Replicant create queue still has 10 segments and gets stuck after 15+ runs

Hey, I added third historical node, and kept replication factor at 2, rebalancing finished successfully, but now I’m still getting these errors :

2017-11-01T15:01:42,552 ERROR [Coordinator-Exec–0] io.druid.server.coordinator.ReplicationThrottler - [_default_tier]: Replicant create queue stuck after 15+ runs!: {class=io.druid.server.coordinator.ReplicationThrottler, segments=[gwiq-p_2017-10-28T14:00:00.000Z_2017-10-28T15:00:00.000Z_2017-10-28T17:36:32.581Z ON 172.31.7.89:8083, gwiq-p_2017-10-28T09:00:00.000Z_2017-10-28T10:00:00.000Z_2017-10-28T12:33:44.415Z ON 172.31.7.89:8083, gwiq-p_2017-10-28T12:00:00.000Z_2017-10-28T13:00:00.000Z_2017-10-28T15:35:45.717Z ON 172.31.7.89:8083, gwiq-p_2017-10-28T06:00:00.000Z_2017-10-28T07:00:00.000Z_2017-10-28T09:34:44.547Z ON 172.31.7.89:8083, gwiq-p_2017-10-28T05:00:00.000Z_2017-10-28T06:00:00.000Z_2017-10-28T08:30:09.589Z ON 172.31.7.89:8083, gwiq-p_2017-10-28T07:00:00.000Z_2017-10-28T08:00:00.000Z_2017-10-28T10:34:23.012Z ON 172.31.7.89:8083, gwiq-p_2017-10-28T02:00:00.000Z_2017-10-28T03:00:00.000Z_2017-10-28T05:27:34.225Z ON 172.31.7.89:8083, gwiq-p_2017-10-28T04:00:00.000Z_2017-10-28T05:00:00.000Z_2017-10-28T07:28:56.744Z ON 172.31.7.89:8083, gwiq-p_2017-10-28T13:00:00.000Z_2017-10-28T14:00:00.000Z_2017-10-28T16:36:35.438Z ON 172.31.7.89:8083, gwiq-p_2017-10-28T01:00:00.000Z_2017-10-28T02:00:00.000Z_2017-10-28T04:28:19.409Z ON 172.31.7.89:8083]}

Segments seem to be dropped and assigned like in a live lock. We have 25 000 of segments, which is too much, I currently try to reduce it by druid.coordinator.merge.on

But until then I would need to solve this, is there a coordinator configuration that would prevent this live lock caused by too many segments?

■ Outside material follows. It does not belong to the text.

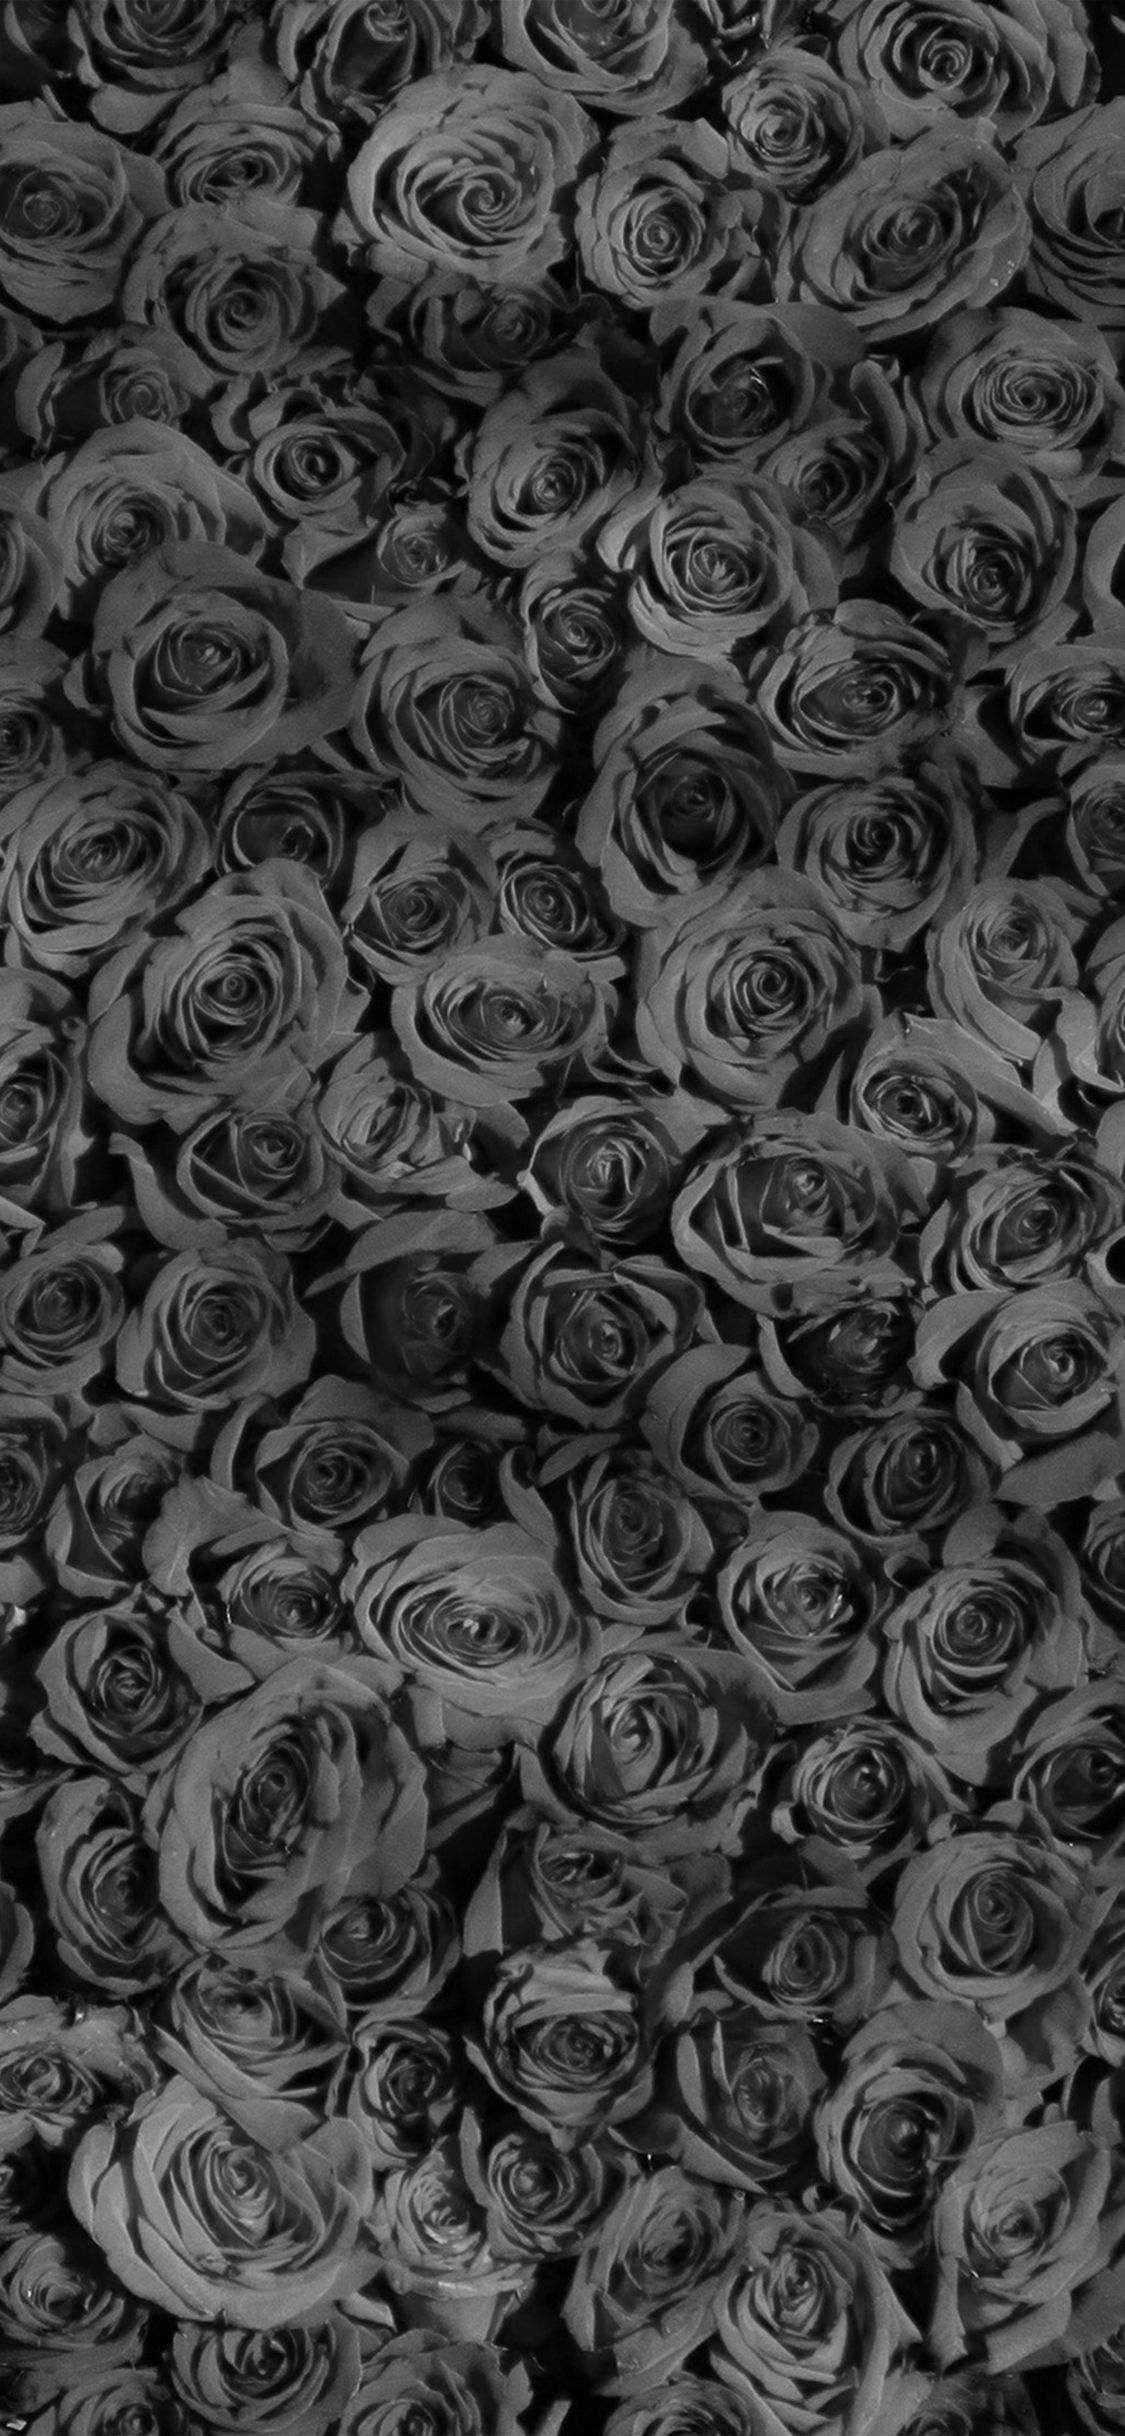 Black Rose Gold Iphone Wallpaper Images  Free Photos PNG Stickers  Wallpapers  Backgrounds  rawpixel

Which version are you on? Later versions have a lot of improvements related to better handling larger numbers of segments. So if you aren’t on the latest I would try upgrading and see if that helps.

We use 0.10.1, but it is the first time since we have more historicals than replication factor. So the problem is probably there.